▶ [HOW TO COMPLETE THIS TASK]: Transcribe exactly the lines from the one holding "Spider at its" to the end of the data below, including both of those lines and no others.

Collected data
<<<<

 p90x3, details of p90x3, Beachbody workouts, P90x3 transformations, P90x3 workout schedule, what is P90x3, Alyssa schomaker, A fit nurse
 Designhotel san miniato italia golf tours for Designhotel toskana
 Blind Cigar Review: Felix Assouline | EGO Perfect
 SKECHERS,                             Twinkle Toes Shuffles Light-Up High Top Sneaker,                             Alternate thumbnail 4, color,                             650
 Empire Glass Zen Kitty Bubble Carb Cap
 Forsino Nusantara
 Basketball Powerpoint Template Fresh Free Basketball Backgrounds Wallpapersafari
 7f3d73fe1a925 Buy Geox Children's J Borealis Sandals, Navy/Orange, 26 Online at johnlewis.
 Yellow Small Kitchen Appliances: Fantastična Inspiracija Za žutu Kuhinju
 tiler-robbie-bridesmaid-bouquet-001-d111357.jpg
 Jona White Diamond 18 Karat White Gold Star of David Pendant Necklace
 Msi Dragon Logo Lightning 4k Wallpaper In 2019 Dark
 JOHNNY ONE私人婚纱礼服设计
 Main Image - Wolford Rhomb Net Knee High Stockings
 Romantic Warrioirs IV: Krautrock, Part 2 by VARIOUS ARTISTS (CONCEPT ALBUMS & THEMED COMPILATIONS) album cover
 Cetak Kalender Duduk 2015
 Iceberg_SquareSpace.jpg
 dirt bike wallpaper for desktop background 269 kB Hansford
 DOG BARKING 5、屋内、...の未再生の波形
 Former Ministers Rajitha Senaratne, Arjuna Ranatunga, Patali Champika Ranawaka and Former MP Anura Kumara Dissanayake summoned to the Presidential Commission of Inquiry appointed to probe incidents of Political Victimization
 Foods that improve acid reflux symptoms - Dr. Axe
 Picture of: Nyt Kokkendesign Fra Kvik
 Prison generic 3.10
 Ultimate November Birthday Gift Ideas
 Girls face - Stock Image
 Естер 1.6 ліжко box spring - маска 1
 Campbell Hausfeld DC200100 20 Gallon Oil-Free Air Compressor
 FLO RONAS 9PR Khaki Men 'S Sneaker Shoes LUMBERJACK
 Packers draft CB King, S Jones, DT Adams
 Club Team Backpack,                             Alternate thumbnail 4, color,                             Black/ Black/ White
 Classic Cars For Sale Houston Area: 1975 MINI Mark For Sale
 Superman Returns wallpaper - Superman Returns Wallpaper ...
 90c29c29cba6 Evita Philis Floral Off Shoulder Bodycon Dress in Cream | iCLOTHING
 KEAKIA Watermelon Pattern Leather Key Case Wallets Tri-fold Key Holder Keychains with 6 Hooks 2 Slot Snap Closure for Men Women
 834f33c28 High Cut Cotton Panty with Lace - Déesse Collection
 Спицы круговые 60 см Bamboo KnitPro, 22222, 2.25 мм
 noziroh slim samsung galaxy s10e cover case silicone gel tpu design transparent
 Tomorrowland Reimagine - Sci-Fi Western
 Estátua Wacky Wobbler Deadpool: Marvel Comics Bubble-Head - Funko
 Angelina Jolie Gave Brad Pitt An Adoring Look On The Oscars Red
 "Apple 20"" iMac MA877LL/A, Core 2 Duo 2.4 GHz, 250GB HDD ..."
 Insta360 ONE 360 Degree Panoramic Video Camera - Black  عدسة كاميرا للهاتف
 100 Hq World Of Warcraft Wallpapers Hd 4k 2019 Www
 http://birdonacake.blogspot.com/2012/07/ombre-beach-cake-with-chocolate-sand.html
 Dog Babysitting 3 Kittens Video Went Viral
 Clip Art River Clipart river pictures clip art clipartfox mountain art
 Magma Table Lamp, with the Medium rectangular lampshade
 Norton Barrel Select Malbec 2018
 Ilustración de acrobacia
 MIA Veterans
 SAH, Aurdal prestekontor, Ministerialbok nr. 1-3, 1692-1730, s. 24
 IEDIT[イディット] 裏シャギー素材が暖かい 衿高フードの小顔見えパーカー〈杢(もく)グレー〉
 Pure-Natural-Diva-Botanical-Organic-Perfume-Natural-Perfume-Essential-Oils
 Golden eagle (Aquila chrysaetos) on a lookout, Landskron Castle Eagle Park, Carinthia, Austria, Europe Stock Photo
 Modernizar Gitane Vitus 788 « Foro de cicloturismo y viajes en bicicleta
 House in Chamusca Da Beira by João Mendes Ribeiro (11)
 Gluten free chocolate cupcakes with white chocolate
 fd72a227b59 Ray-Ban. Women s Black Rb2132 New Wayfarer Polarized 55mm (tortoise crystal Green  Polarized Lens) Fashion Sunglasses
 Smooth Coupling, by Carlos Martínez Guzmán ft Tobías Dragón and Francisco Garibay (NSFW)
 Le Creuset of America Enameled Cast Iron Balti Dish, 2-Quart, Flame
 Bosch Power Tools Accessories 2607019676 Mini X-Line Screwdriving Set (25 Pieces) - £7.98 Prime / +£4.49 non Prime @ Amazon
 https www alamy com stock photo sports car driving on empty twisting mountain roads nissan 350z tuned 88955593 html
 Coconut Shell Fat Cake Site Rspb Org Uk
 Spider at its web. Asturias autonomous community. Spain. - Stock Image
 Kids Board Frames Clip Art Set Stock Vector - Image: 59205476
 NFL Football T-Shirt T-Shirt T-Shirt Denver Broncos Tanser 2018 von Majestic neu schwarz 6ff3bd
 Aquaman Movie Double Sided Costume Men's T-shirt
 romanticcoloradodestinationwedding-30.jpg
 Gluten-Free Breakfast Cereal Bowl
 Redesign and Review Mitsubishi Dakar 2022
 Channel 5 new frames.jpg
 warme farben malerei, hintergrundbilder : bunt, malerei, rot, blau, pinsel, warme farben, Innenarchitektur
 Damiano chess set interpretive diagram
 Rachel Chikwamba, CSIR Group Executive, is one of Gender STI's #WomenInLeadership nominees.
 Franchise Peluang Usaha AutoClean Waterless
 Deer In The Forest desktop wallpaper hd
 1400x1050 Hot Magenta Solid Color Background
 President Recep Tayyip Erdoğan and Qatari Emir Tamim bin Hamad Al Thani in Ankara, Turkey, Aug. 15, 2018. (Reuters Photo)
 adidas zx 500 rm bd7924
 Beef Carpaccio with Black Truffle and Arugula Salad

>>>>

▶ [EXERCISE SOLUTION]:
 Spider at its web. Asturias autonomous community. Spain. - Stock Image
 Kids Board Frames Clip Art Set Stock Vector - Image: 59205476
 NFL Football T-Shirt T-Shirt T-Shirt Denver Broncos Tanser 2018 von Majestic neu schwarz 6ff3bd
 Aquaman Movie Double Sided Costume Men's T-shirt
 romanticcoloradodestinationwedding-30.jpg
 Gluten-Free Breakfast Cereal Bowl
 Redesign and Review Mitsubishi Dakar 2022
 Channel 5 new frames.jpg
 warme farben malerei, hintergrundbilder : bunt, malerei, rot, blau, pinsel, warme farben, Innenarchitektur
 Damiano chess set interpretive diagram
 Rachel Chikwamba, CSIR Group Executive, is one of Gender STI's #WomenInLeadership nominees.
 Franchise Peluang Usaha AutoClean Waterless
 Deer In The Forest desktop wallpaper hd
 1400x1050 Hot Magenta Solid Color Background
 President Recep Tayyip Erdoğan and Qatari Emir Tamim bin Hamad Al Thani in Ankara, Turkey, Aug. 15, 2018. (Reuters Photo)
 adidas zx 500 rm bd7924
 Beef Carpaccio with Black Truffle and Arugula Salad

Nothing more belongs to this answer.